#稳定币市场与产品 Seeing this report, my mind flashes back to a scene from ten years ago — back then, we were arguing in forums whether Ethereum had a future, and stablecoins didn’t even have a shadow. Now looking back, it feels like reviewing a long historical record.



By 2025, stablecoin trading will surpass 10 trillion USD, a number that slaps me in the face. Who would have dared to imagine ten years ago? The US GENIUS Act was officially passed, which is not just about regulatory frameworks, but a recognition by the financial system of what is called an "irreversible trend." Just as no company would abandon the internet to go back to the fax machine era, once financial institutions experience the convenience of the global public blockchain, there’s no turning back.

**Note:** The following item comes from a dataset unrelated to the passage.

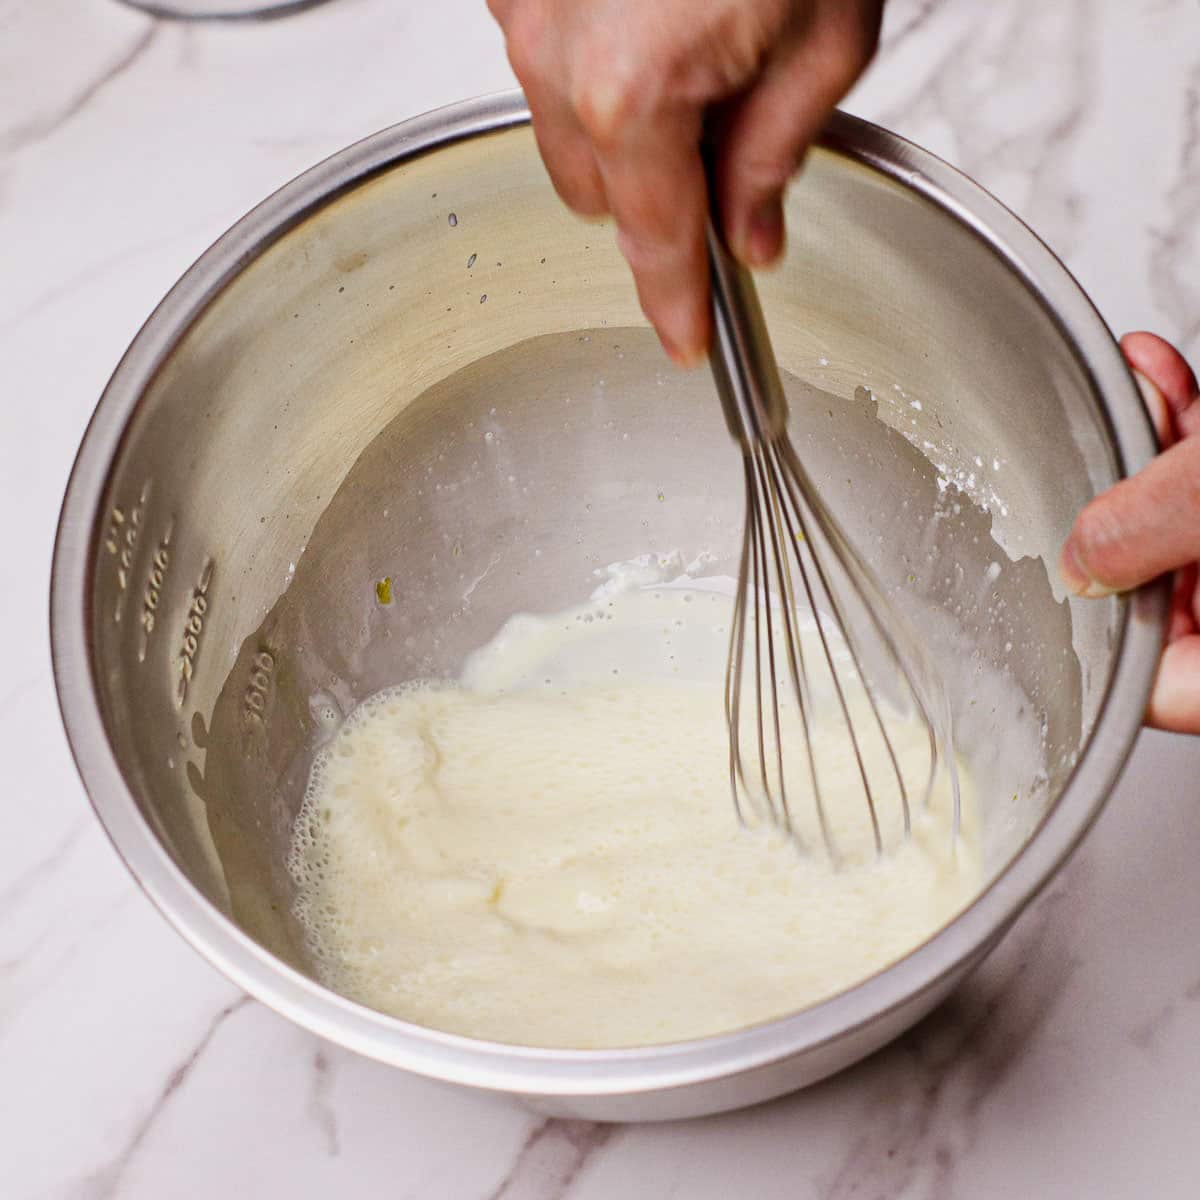 Step 1: Whisk custard tart ingredients together except vanilla.

What impresses me most is the institutional deployment — giants like JPMorgan, BlackRock, and Fidelity are no longer just testing the waters but are directly deploying flagship products. This shift in attitude reflects that the underlying infrastructure has moved from the "experimental stage" to the "commercial deployment stage." I’ve seen too many projects fail due to immature infrastructure, but Ethereum has reached another extreme — it has established institutional application precedents on Layer 2, similar to the network effects formed by the internet back then, with more and more enterprises building dedicated ecosystems on top, with profit margins exceeding 90%.

Regarding the fivefold growth expectation for 2026, I won’t believe it entirely, but I won’t dismiss it either. Tokenized assets have grown from 18 billion to 100 billion, stablecoins from 300 billion to 1.5 trillion. Behind these numbers is strategic support from the US Treasury — 20%-30% of the digitalization of the dollar migrating to public chains. This is not a castle in the air; it’s backed by policy trends. The fivefold increase in ETH from its current price is something I pay more attention to as it establishes its identity as an "institutional-grade treasury asset," rather than just a speculative cycle.

Over the years, I’ve seen many ups and downs, but this time is different. Not because the technology suddenly improved, but because the rules changed, the regulatory environment shifted from resistance to support, and institutions moved from watching to acting.